I hear the train a-coming, it's rolling 'round the bend

And I ain't seen the sunshine since I don't know when

I'm stuck at Folsom Prison and time keeps draggin' on

But that train keeps a-rolling'

On down to San Antone

Ayant vécu trente-sept ans à Gotham, Pilar Rosario aime à croire que son réflexe d'avoir peur a fini par brûler à force d'usage répété. Bien sûr, ce n'est pas du tout vrai, et elle doit le réapprendre à chaque nouvelle attaque de super-vilain.

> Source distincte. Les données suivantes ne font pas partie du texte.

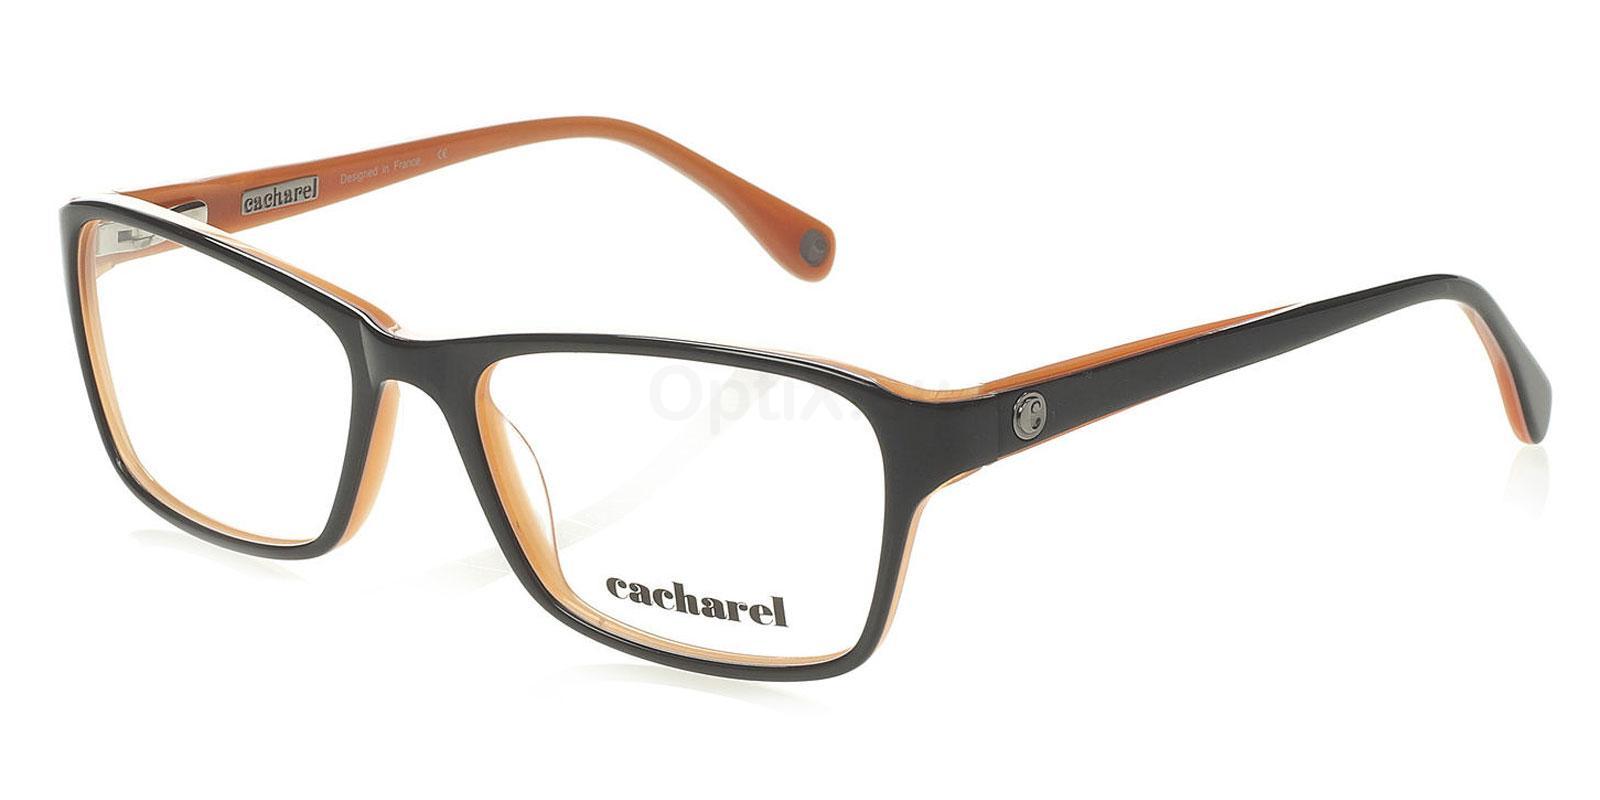 003 CA3018 , Cacharel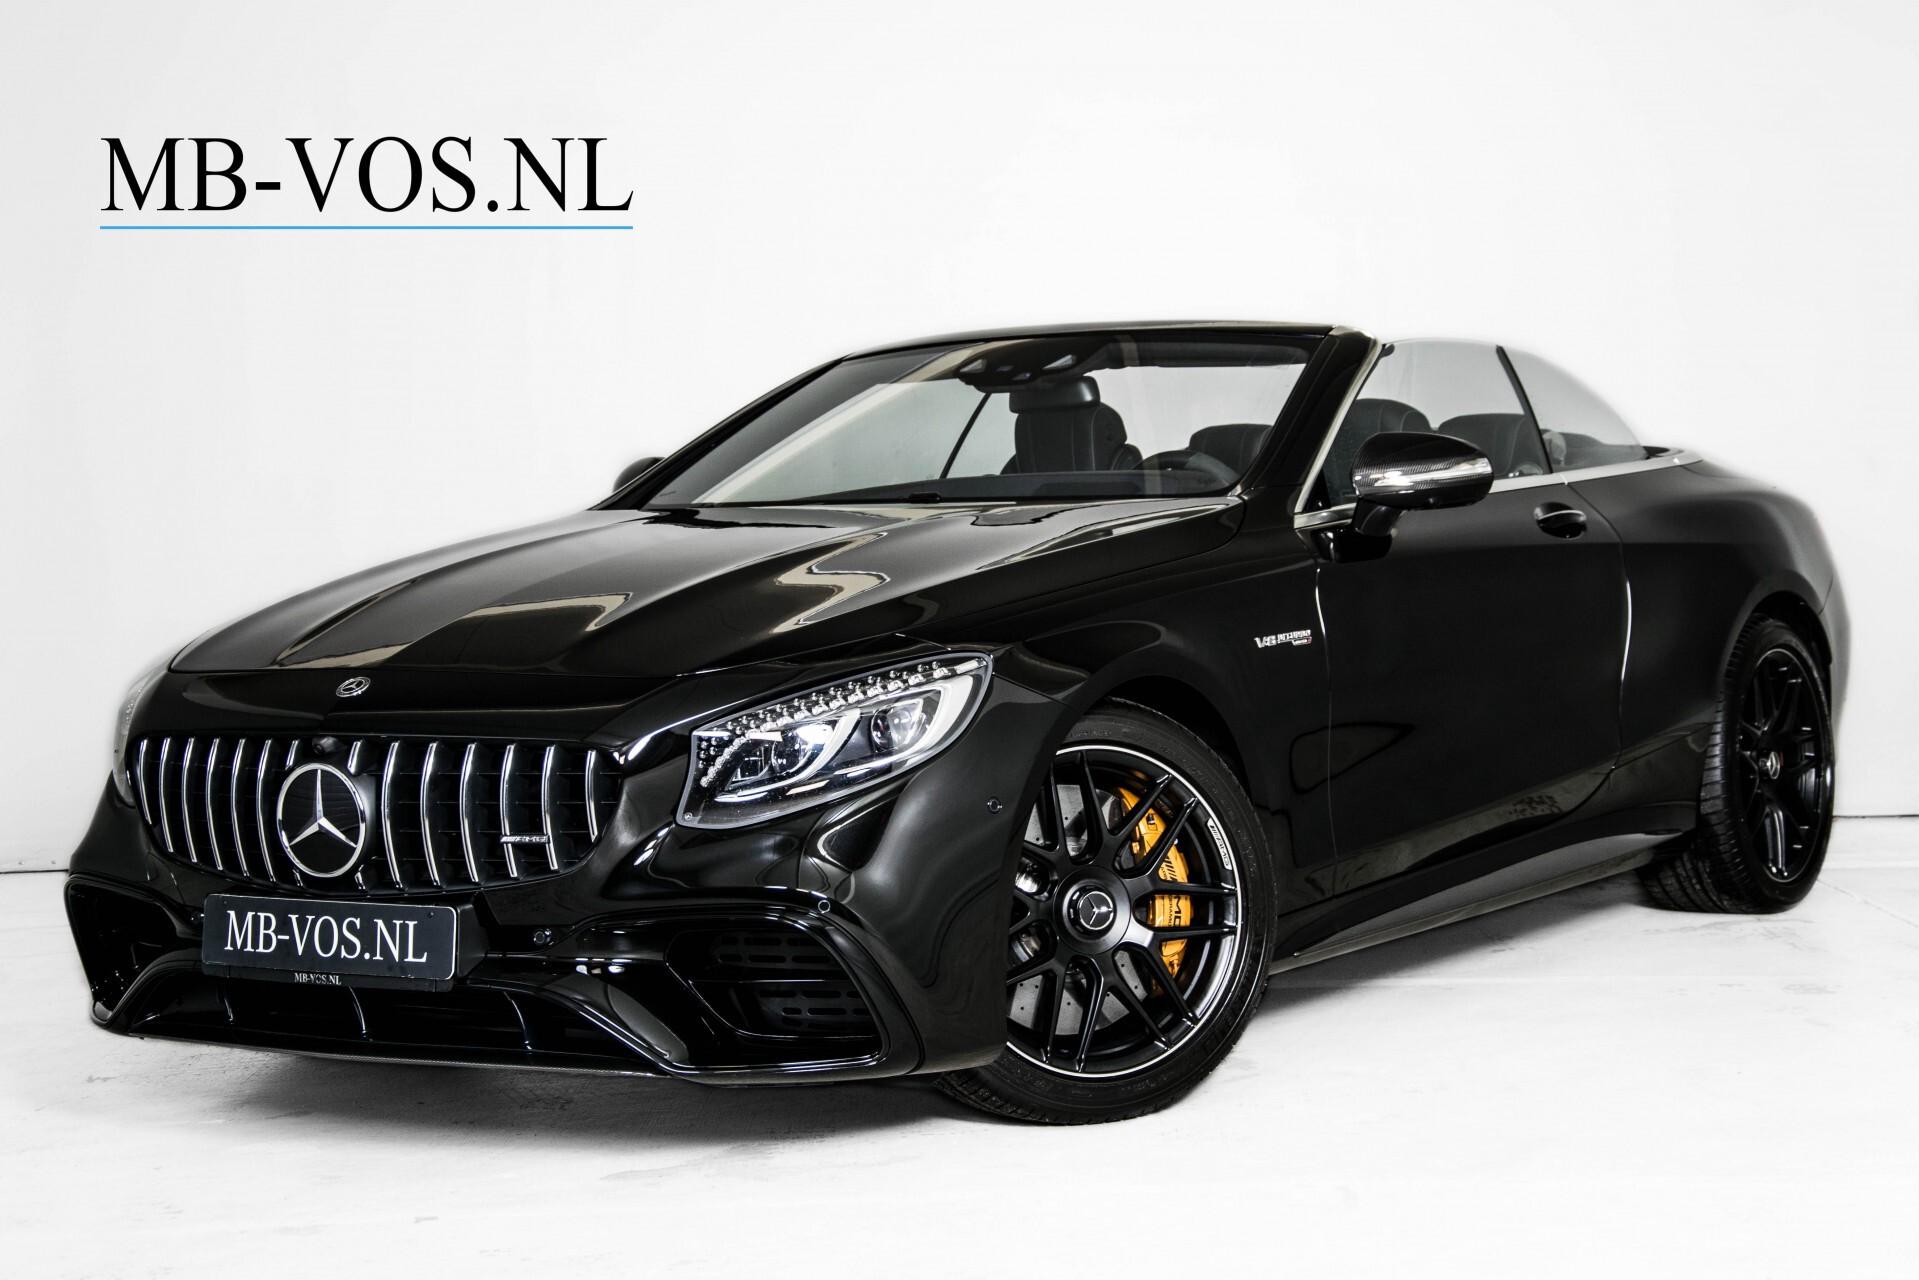 Mercedes-Benz S-Klasse Cabrio 63 AMG 4-M Ceramic/Designo/Carbon/Burmester High End Aut Foto 1

Ce qu'elle n'imaginait certainement pas en début de semaine, c'était que Brucie Wayne activerait ce même réflexe. Parce que, franchement, le Prince de Gotham est un idiot qui vit sur son nuage, tout le monde sait ça et lui porte une affection aussi indulgente qu'exaspérée et vaguement méprisante en conséquence.

Sauf que lorsque Pilar s'est retrouvée piégée dans ce bureau avec lui, tout ce qu'elle a pu voir est que Bruce Wayne mesure au minimum un mètre quatre-vingts, a des muscles qui sont tout sauf de la gelée, des expressions plus terrifiantes que niaises et un regard qui lui hurlait de tomber raide morte à ses pieds.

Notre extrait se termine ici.